Rudolf Helmut Sauter was the son of the German-born artist Georg Sauter (1866-1937), who had settled in London in 1894 and established a career as a portrait and landscape painter. Educated at Harrow, the young Sauter studied art in London and Munich, and exhibited his work at the Royal Academy, the Royal West of England Academy and the Paris Salon. During the First World War Rudolf Sauter was interned at Alexandra Palace in London and in Frimley in Surrey, where he produced a number of drawings illustrating life in the camp. (His letters describing the conditions in the camp, written to his wife in 1918 and 1919, are today in the collection of the Imperial War Museum in London.) Sauter was the nephew and heir of the writer John Galsworthy, and illustrated an edition of his complete works, as well as painting portraits of the writer and his wife. He exhibited at the Royal Institute of Painters in Watercolours and the Royal Society of British Artists, and also produced a number of lithographs of landscape subjects.
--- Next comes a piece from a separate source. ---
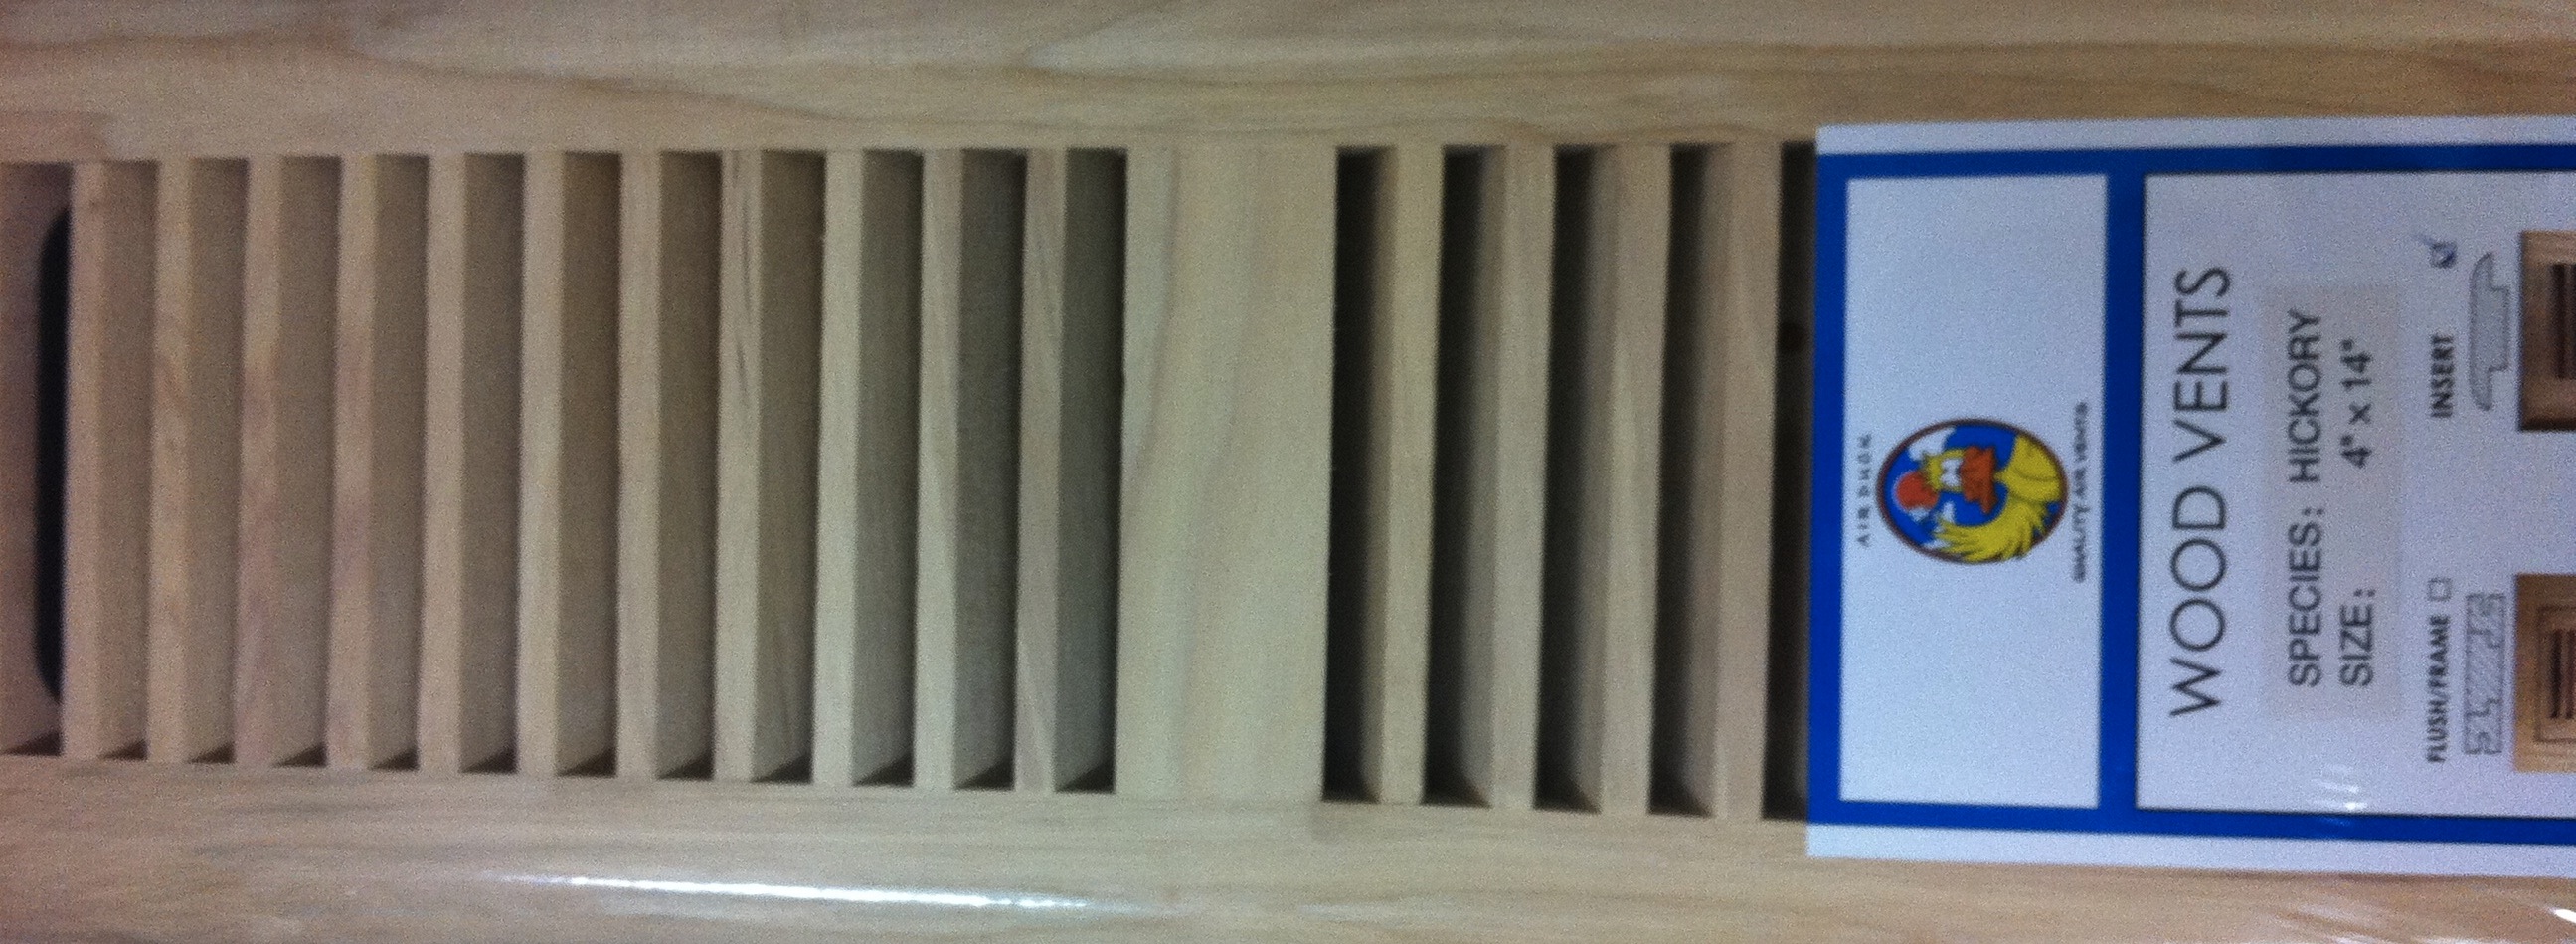 Wood Floor Registers Vent Covers Hickory Pecan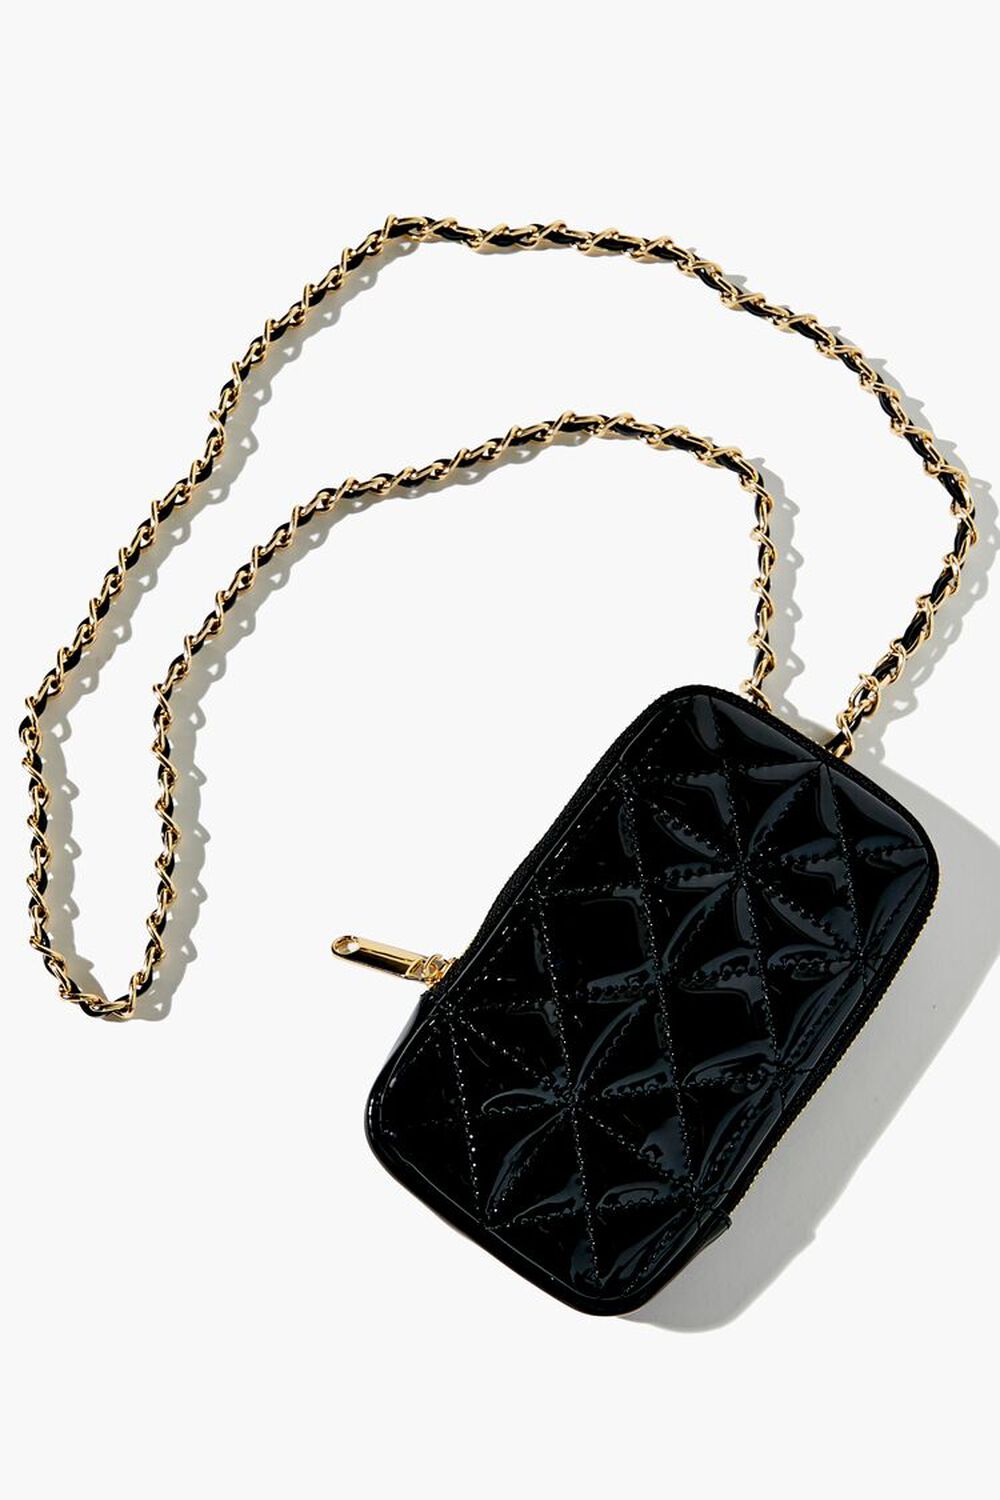 BLACK Faux Patent Leather Mini Crossbody Bag, image 1

Sauter developed a particular skill as a pastellist, and showed his work at the Pastel Society.

Sauter travelled extensively, and over his career exhibited landscapes and views of England, South Africa, Italy (particularly Venice and Sicily), Morocco and the westerns states of America, notably views of the Grand Canyon. Apart from showing at the Salons in Paris, he also had one-man exhibitions in New York (at the C. W. Kraushaar Galleries in 1928) and South Africa. His work was exhibited with less frequency after John Galsworthy’s death in 1933, perhaps partly due to the fact that, as the novelist’s heir, he was better able to support himself financially. Much of his work was destroyed in a fire in the 1980’s, shortly after his death, which means that relatively few works by him survive today.